I’m happy to test on Apple Silicon if guidance is provided, but an official stance on whether CPU/MPS/TPU support is on the roadmap would already help the community plan.
It works fine, tested on an 32GB M2 MBP if you work through the issues you've mentioned. Not many changes needed, and you should set PYTORCH_ENABLE_MPS_FALLBACK.
I moved a couple of the imports (decord and triton) to where they're used as a quick fix, but guards may be better. I've only tried the image predictor notebook so far. These are only used for training(?), and only a couple of references, but they're imported by some common files at inference time.
Video needs more work, but you can play with image prediction using this branch:
https://github.com/facebookresearch/sam3/compare/main...jveitchmichaelis:sam3:device-agnostic
Some of the analysis is not quite correct, for example you cite nms as a blocker, while it has an explicit cpu fallback: https://github.com/facebookresearch/sam3/blob/84cc43bca4347b772f17d1078a1ddb4c054655c2/sam3/perflib/nms.py#L63-L71
On a more general note, I think it would be quite easy to make the image predictor backend-agnostic (though we can't promise support for additional backends, especially those we don't have access to).

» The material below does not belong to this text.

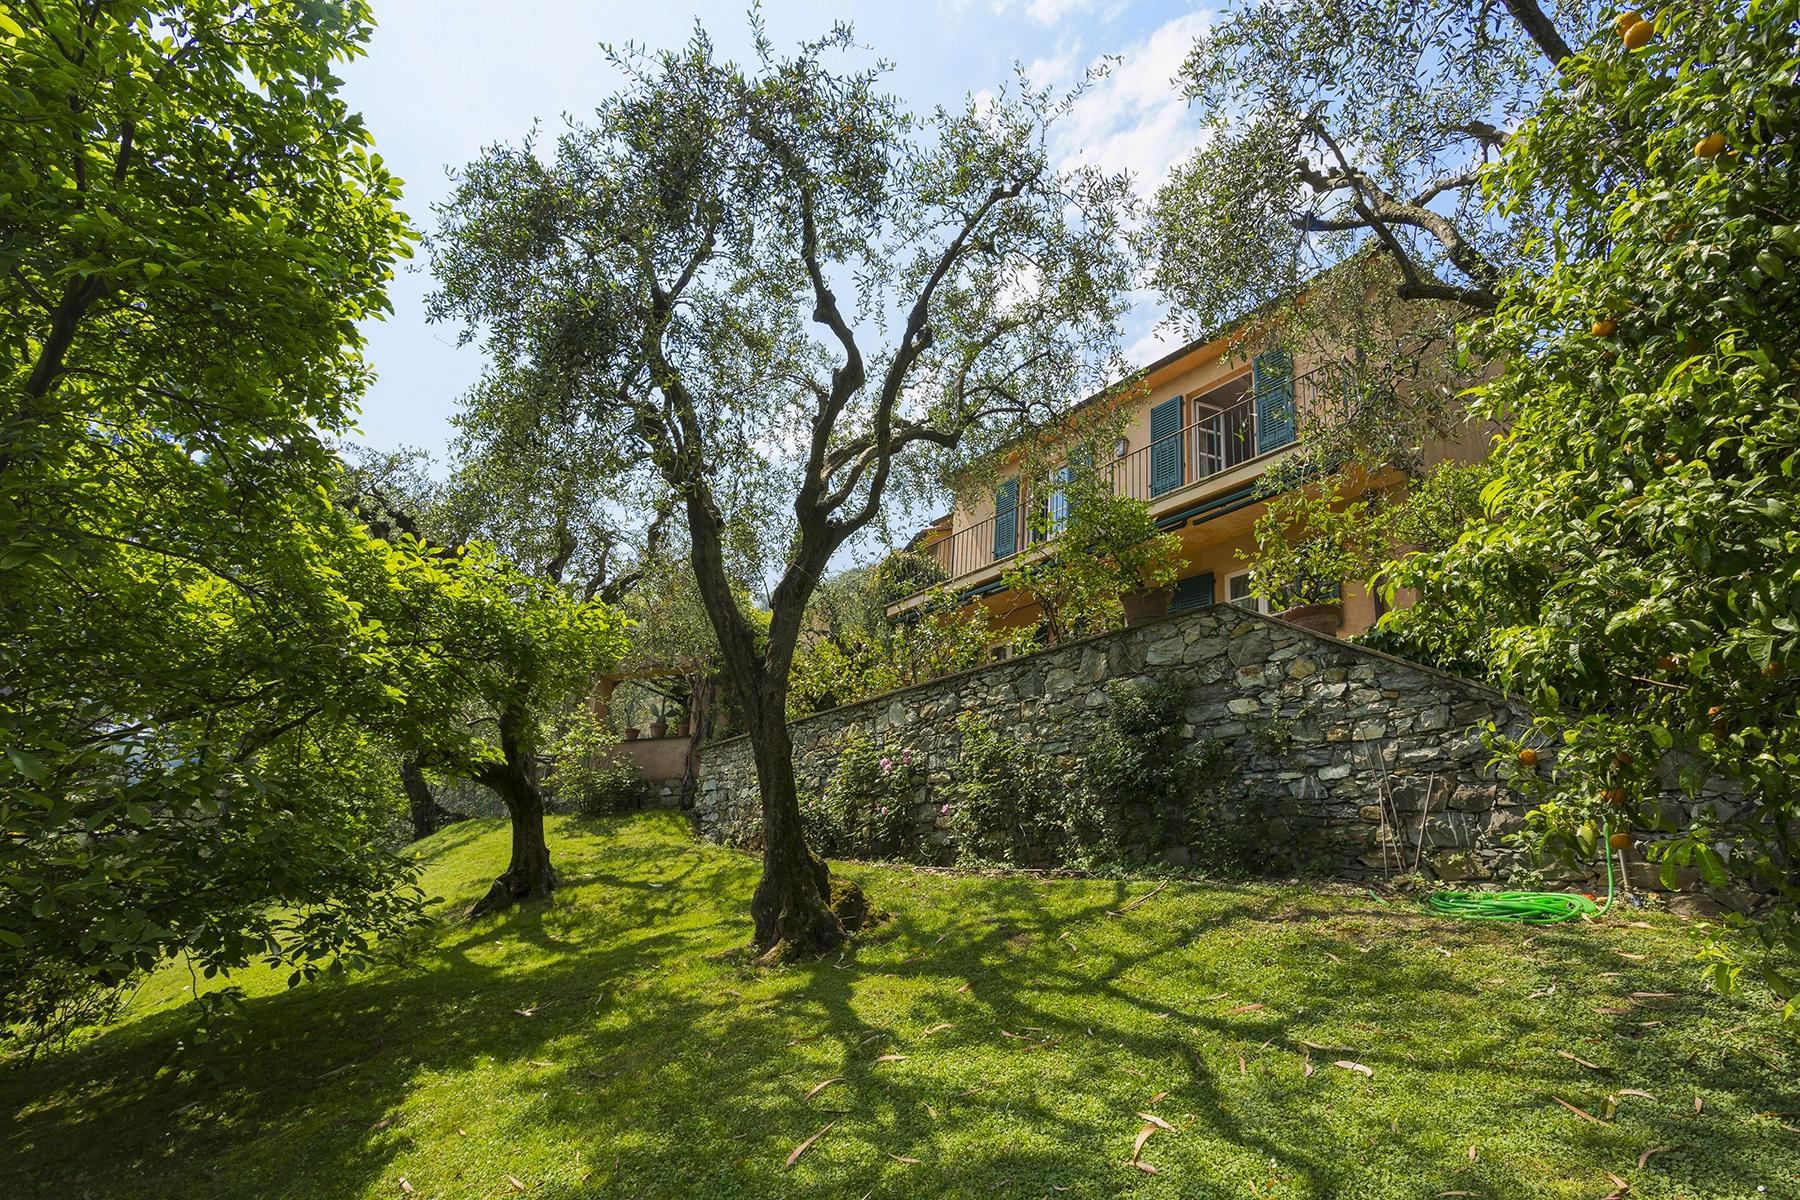 Villa in Vendita a Santa Margherita Ligure: 5 locali, 580 mq - Foto 12

If you want to submit a PR for this we'll gladly accept it. For the video predictor, it would be a far more complicated endeavor, since the current predictor is highly optimized for the multi-gpu setting. We do not have plans to support this in the near future.

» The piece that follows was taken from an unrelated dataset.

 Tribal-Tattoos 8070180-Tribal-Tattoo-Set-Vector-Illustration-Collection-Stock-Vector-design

Thanks @jveitchmichaelis for the branch! I pulled it locally on a 36GB M3 MBP and can confirm the image predictor notebook (and a simple CLI) run fine on the MPS backend with PYTORCH_ENABLE_MPS_FALLBACK=1.
One extra tweak I needed was to guard the decoder FFN autocast block so it doesn’t call torch.amp.autocast(device_type=...) on unsupported devices (wrap it in a nullcontext() when tgt.device.type isn’t cuda or cpu). Without that, the image predictor hits a RuntimeError: unsupported scalarType on MPS. I can submit that as part of a small PR.
My use case is auto-labeling images for YOLO datasets, so having per-image inference on local Apple Silicon hardware is already super helpful. I’m happy to contribute a PR that combines the device-agnostic fixes + a small sample script (e.g., run SAM3 on example.png and emit masks/boxes) so others can replicate the workflow. Let me know if that would be welcome.
@trothe great! I submitted a PR already and I can add the other decoder fix. What exactly triggers it, so I can replicate? Sounds like it might be an M3 problem? (Similar to the op that should have worked with fallback).
Thanks for cutting PR #173. I tested the branch on an M3 MBP (PyTorch Metal build) with PYTORCH_ENABLE_MPS_FALLBACK=1. Image predictor runs, but there’s still one MPS-only crash:
- TransformerDecoderLayer.forward_ffn calls torch.amp.autocast(device_type='mps', enabled=False), which raises RuntimeError: unsupported scalarType. MPS doesn’t support that autocast context.
Minimal fix that works here:
# sam3/model/decoder.py
+from contextlib import nullcontext
def forward_ffn(self, tgt):
- with torch.amp.autocast(device_type=tgt.device.type, enabled=False):
+ device_type = tgt.device.type
+ if device_type in {"cuda", "cpu"}:
+ autocast_ctx = torch.amp.autocast(device_type=device_type, enabled=False)
+ else:
+ autocast_ctx = nullcontext()
+
+ with autocast_ctx:
tgt2 = self.linear2(self.dropout3(self.activation(self.linear1(tgt))))
tgt = tgt + self.dropout4(tgt2)
tgt = self.norm3(tgt)
With that guard in place, the image predictor completes on MPS. Feel free to cherry-pick or I can open a small follow-up PR if you prefer.
@trothe I've rebased + added your fix, let me know if it works now (I don't have a machine to replicate it).